Current estimates as to how long ice will be a year-round feature around
the North Pole vary considerably, with scientific predictions ranging
between five and 100 years. More accurate data, measured at the surface
itself, is essential if scientists and decision-makers are to fully
anticipate the potentially devastating impacts of near total sea ice
loss each summer on millions of people across the world.
The project, Catlin Arctic Survey, has amassed substantial financial
backing for the £3m survey despite the gloom currently surrounding the
world economy and has secured support from UNEP (United Nations Environment
Programme), WWF International and the Royal patronage of HRH The Prince
of Wales. Hadow and his technical team have developed new equipment
specifically designed for the project, including an ice-penetrating
radar and a data uplink system to transmit its findings to scientists
direct from the ice via satellite.
On completion of the scientific project, the findings will be made
available to inform international decision-makers gathering at the United
Nations Climate Change Conference of Parties, at Copenhagen, in 2009.
The team of three highly-experienced explorers - Ann Daniels and Martin
Hartley as well as Pen Hadow - will be travelling from mid-February
to late-May, taking millions of readings of the thickness of the floating
ice over a 1200 kilometres (750 miles) route. They will be pulling sledges
and swimming between ice-floes from their start-point 470 miles offshore
of northern Canada to the North Geographic Pole in temperatures from
0°C to -50°C.
Pen said: "Our physical efforts hauling the equipment over the
surface will amass data in unprecedented detail. I have come to recognise
by working with our scientific partners that the Arctic Ocean is not
only an astonishingly beautiful place but a globally unique environment
of immense significance to the balance of the Earth's whole eco-system."

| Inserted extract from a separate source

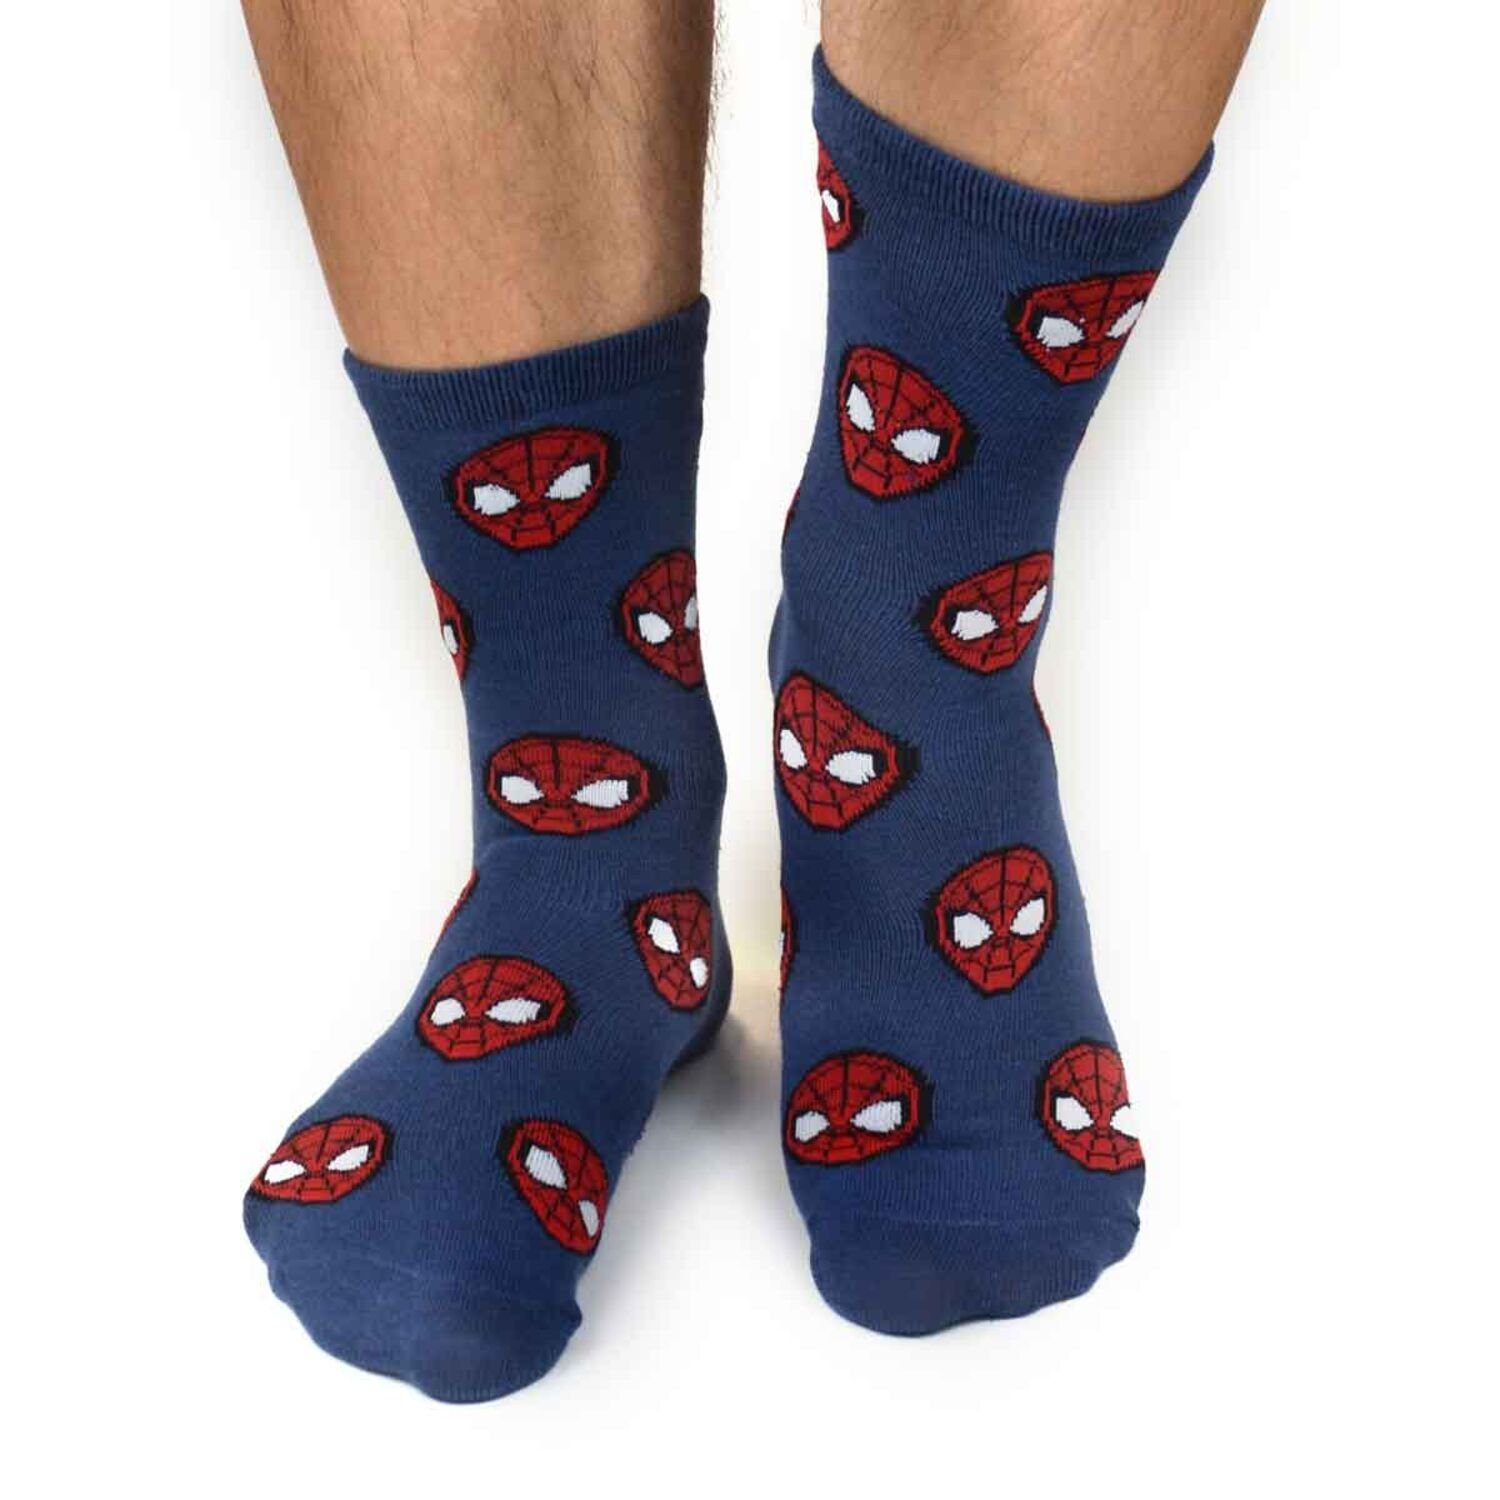 MM Strümpfe Socken Motiv Spiderman
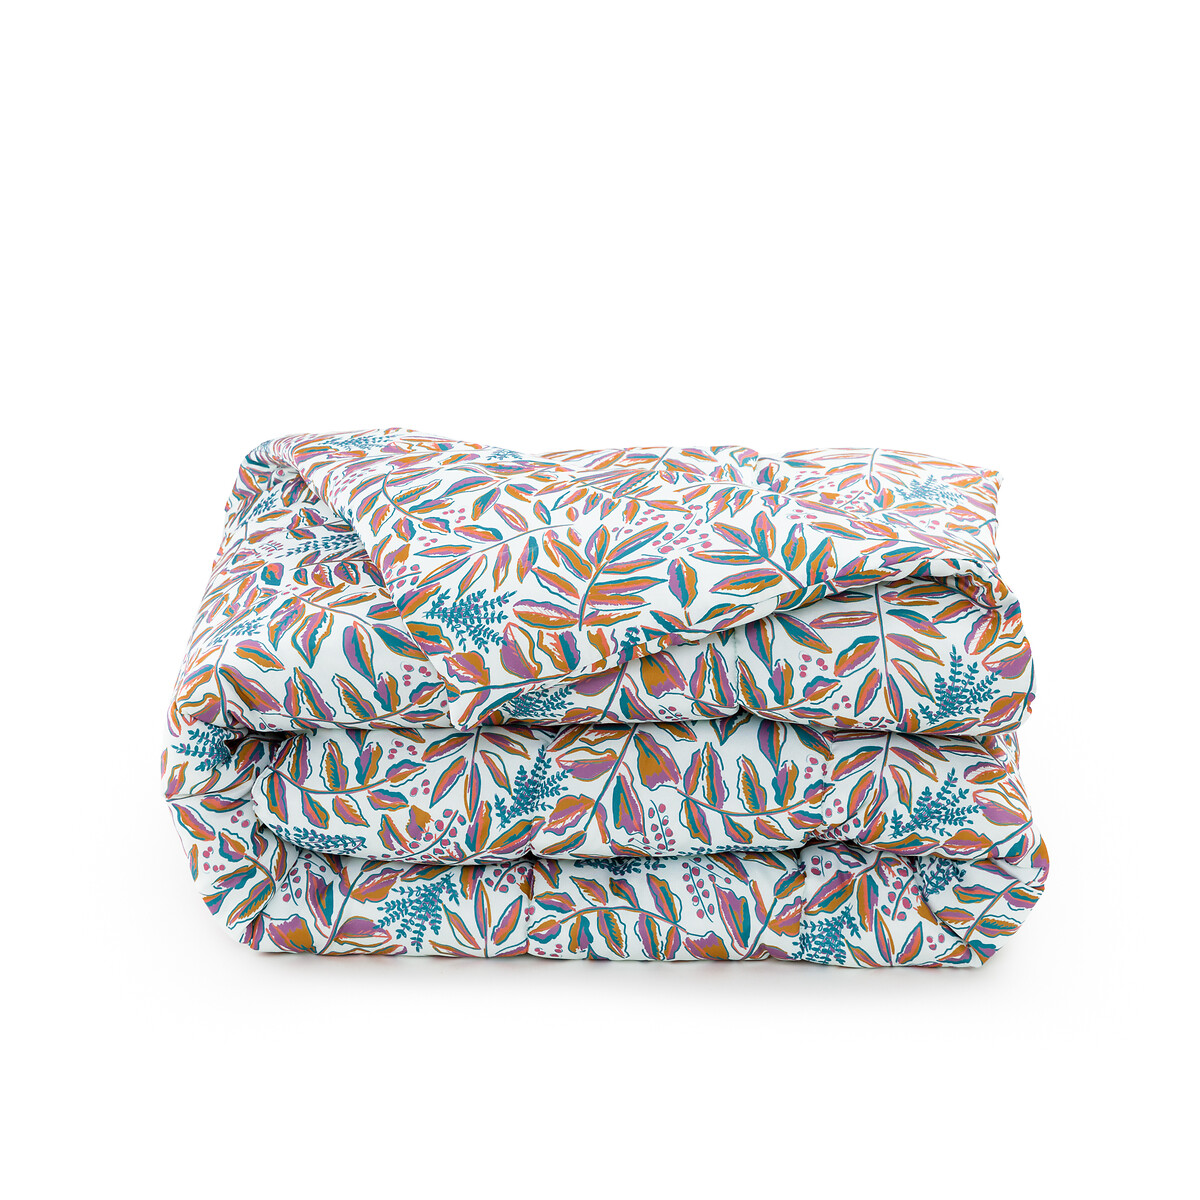 Одеяло из переработанной микрофибры с принтом Barbora  240 x 220 см каштановый LaRedoute, размер 240 x 220 см - фото 5

The science programme was developed with some of the world's leading
experts and institutions studying the status and future of the Arctic
Ocean's polar pack ice including the US Naval Postgraduate School, the
NASA ICESat Mission and the Department of Applied Mathematics and Theoretical
Physics at the University of Cambridge. It will help fill the current
gap in existing measurement studies by satellites and submarines, which
cannot differentiate between ice and snow layers.
Professor Wieslaw Maslowski, from the US Naval Postgraduate School
said: "We'll be integrating the survey's actual observations with
same-day weather data to obtain near real time model estimates of sea
ice conditions on a daily basis."
"In this way we can test the accuracy of our modelling of the
ice's thickness and re-assess our projections as to how long the surviving
thicker ice is likely to last as a perennial feature".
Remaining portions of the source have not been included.